The term, ‘skin cream,’ typically has positive connotations with the marketing terms often used to promote them: soothing, gentle, calming, pain-reducing, etc. And in the world of perleche, any angular cheilitis cream is designed for these purposes – to provide relief, hopefully instantaneous relief, and contribute towards healing.
You and your doctor can choose among the following angular cheilitis creams, but they’re listed in no order of preference. Of course, women who are pregnant and breast-feeding must especially weigh the pros and cons of any given treatment with their physician.
Angular Cheilitis Creams – Available by Prescription
1) Nystatin – This can be effective for those with fungi-caused angular cheilitis as Nystatin is an antifungal cream. This product seems well-tolerated by most and is therefore prescribed quite frequently. Some physicians prefer to offer a formulation where Nystatin is combined with a steroid, such as Triamcinolone Acetonide (Mycolog-II) to reduce concomitant inflammation.
2) Ketoconazole cream – Works to kill a fungal infection so this may be effective if offending fungi (not bacteria) have produced perleche. Ketoconazole may be prescribed with other agents that are anti-inflammatory in nature.
3) Alcortin A (gel) – This formulation contains 1% iodoquinol, 2% hydrocortisone acetate, and 1% aloe polysaccharides, each ingredient leading to a synergistic potency against perleche. The iodoquinol is anti-bacterial, thwarting the growth of bacteria, and can also exhibit antifungal properties; the hydrocortisone is anti-inflammatory and can relieve pain, itching and swelling; and the polysaccharides provide further soothing relief.
4) Bactroban Mupirocin – This is a popular antibacterial prescription although its not too popular among bacterial cultures, particularly Staphylococcus aureus, thought to be responsible for some bouts of angular cheilitis. This angular cheilitis cream would not be effective against fungal cheilitis.
5) Desonide cream – This formulation seems versatile as its often prescribed to treat eczema, psoriasis, dermatitis, and yes, the remnants of angular cheilitis. A steroid that is meant to be used sparingly and only for the short-term, this cream targets inflammation. How does it accomplish this feat? It simply stimulates anti-inflammatory enzymes.
Follow doctor’s orders and wean yourself off Desonide slowly as the original symptoms can abruptly reappear. However, the product does not really tackle the underlying bacterial or fungal issues of angular cheilitis.
And by the way, further research indicates that Desonide cream should only be used when the infection is under control. Therefore, the doctor may prescribe Desonide after first prescribing an antibacterial or antifungal agent.
Now there are many other prescription angular cheilitis creams available but they may or may not be effective depending on the source of your cheilitis (i.e., bacteria or fungi) and whether the product specifically targets the offender. Effectiveness will also depend on your immune system.
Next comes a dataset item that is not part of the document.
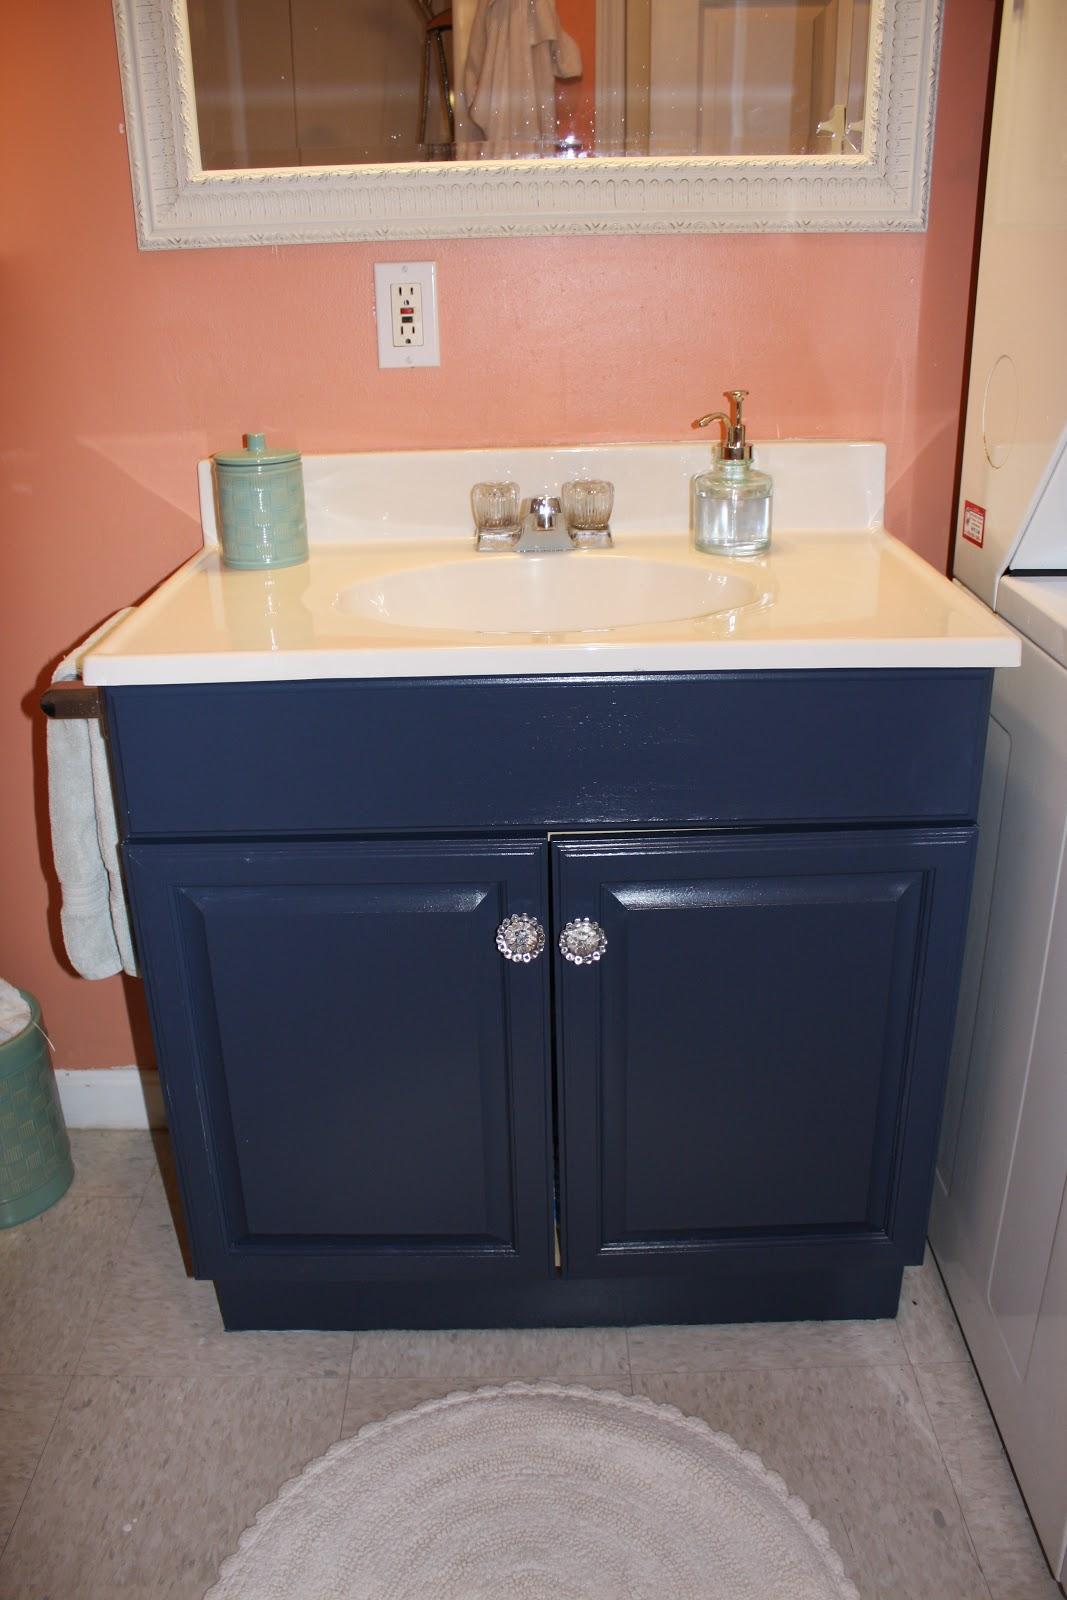 The Elegant House Painting a Laminate Bathroom Vanity

Angular Cheilitis Creams – Available Over-the-Counter
Here are some angular cheilitis cream over-the-counter choices:
1) Clotrimazole (brand name, Lotrimin) – Designed to sooth fungal infections, Lotrimin may be a useful ally in your fight against perleche. You should see results in a week or two, if it works. As with many angular cheilitis creams, do not abruptly stop the medication when symptoms seem to subside. Prematurely stopping the medication may make the offending fungi even more resilient.
2) Micatin (generic name, miconazole) – Looking to interfere with the synthesis of fungal cell membranes? Micatin is designed for this objective, and may even exhibit antibacterial and anti-parasitic properties.
3) Lamisil (generic name, terbinafine – This antifungal formulation targets the itching, burning, and cracking associated with perleche. Of course, before its application (applicable to all creams), ensure that the area is thoroughly clean and dry.
4) Tinactin (generic name, tolnaftate) – Yes, I know that you’ve heard this product is marketed to get rid of athlete’s foot, and as such, you may not want such a product to touch your lips. But realize, its antifungal prowess may just be that missing link in eliminating perleche.
5) Cortizone 10 (generic name, hydrocortisone / iodoquinol) – Many folks just use plain, old hydrocortisone to relieve the inflammation associated with cheilitis. Why not try a formulation that combines anti-inflammatory hydrocortisone with iodoquinol, a bacteria and fungal fighter? We not only want to relieve cheilitis symptoms but get rid of it altogether.
Now obtain your doctor’s angular cheilitis cream advice, and follow the suggested course of treatment. This may be a case of trial and error as individual response will vary. There is no guarantee that any cream will cream your perleche but they’re worth trying as long as you follow the treatment protocol.